Spiking patterns in the globus pallidus highlight convergent neural dynamics across diverse genetic dystonia syndromes.

Ann. Neurol., DOI: 10.1002/ana.27185 (2025)
Verlagsversion Forschungsdaten DOI PMC
Open Access Gold (Paid Option)
Creative Commons Lizenzvertrag
OBJECTIVE: Genetic dystonia is a complex movement disorder with diverse clinical manifestations resulting from pathogenic mutations in associated genes. A recent paradigm shift emphasizes the functional convergence among dystonia genes, hinting at a shared pathomechanism. However, the neural dynamics supporting this convergence remain largely unexplored.
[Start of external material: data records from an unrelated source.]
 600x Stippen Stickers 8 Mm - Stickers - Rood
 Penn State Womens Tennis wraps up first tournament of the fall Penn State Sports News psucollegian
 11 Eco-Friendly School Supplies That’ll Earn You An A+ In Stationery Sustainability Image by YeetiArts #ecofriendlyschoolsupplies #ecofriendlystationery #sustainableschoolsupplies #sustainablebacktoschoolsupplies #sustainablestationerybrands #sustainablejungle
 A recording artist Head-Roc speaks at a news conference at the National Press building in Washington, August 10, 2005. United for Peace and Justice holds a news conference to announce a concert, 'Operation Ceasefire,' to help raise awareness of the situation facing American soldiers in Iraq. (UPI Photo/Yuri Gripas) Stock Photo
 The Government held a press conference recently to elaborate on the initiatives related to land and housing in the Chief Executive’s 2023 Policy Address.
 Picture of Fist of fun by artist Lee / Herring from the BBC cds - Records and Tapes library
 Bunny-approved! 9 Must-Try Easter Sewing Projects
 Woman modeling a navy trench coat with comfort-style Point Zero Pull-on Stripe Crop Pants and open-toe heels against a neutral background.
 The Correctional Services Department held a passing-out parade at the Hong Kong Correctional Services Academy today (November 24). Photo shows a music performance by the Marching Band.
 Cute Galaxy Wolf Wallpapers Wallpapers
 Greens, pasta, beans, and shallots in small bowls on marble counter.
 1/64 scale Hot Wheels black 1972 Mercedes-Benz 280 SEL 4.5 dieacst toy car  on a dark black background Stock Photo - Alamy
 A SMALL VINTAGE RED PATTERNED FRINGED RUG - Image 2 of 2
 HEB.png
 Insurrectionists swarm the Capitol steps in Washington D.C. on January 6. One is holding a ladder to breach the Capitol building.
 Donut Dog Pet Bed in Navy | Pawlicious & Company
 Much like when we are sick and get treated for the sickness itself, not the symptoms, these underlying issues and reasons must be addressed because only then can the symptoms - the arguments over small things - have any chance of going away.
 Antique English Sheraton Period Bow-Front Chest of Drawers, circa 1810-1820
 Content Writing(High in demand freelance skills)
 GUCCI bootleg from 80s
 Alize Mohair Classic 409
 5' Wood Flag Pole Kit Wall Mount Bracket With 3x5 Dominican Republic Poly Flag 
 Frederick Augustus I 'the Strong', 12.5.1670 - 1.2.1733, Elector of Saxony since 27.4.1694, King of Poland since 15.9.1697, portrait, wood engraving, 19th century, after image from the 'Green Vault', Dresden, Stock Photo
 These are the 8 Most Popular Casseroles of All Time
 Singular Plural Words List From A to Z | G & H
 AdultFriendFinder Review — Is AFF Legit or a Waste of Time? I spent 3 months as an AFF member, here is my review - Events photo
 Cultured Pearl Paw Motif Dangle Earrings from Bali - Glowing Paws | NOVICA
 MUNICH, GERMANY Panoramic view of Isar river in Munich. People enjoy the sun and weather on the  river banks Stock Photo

METHODS: Herein, we analyzed microelectrode recordings acquired during pallidal deep brain stimulation surgery from 31 dystonia patients with pathogenic mutations in the AOPEP, GNAL, KMT2B, PANK2, PLA2G6, SGCE, THAP1, TOR1A, and VPS16 genes. We identified 1,694 single units whose activity was characterized by a broad set of neural features. RESULTS: AOPEP, PANK2, and THAP1 displayed higher firing regularity, whereas GNAL, PLA2G6, KMT2B, and SGCE shared a large fraction of bursting neurons (> 26.6%), significantly exceeding the rate in other genes. TOR1A and VPS16 genes constituted an intermediate group, bridging these 2 groups, due to having the highest degree of spiking irregularity. Hierarchical clustering algorithms based on these dynamics confirmed the results obtained with first-order comparisons. INTERPRETATION: Despite lacking common molecular pathways, dystonia genes share largely overlapping structures of neural patterns, in particular the degree of pallidal spiking regularity and bursting activity. We propose that the degree of desynchronization facilitated by pallidal neural bursts may explain the variability in deep brain stimulation (DBS) of the globus pallidus internus (GPi) surgery outcomes across genetic dystonia syndromes. Lastly, investigating the effects of genetic mutations on low-frequency pallidal activity could optimize personalized adaptive DBS treatments in patients with genetic dystonia. ANN NEUROL 2025.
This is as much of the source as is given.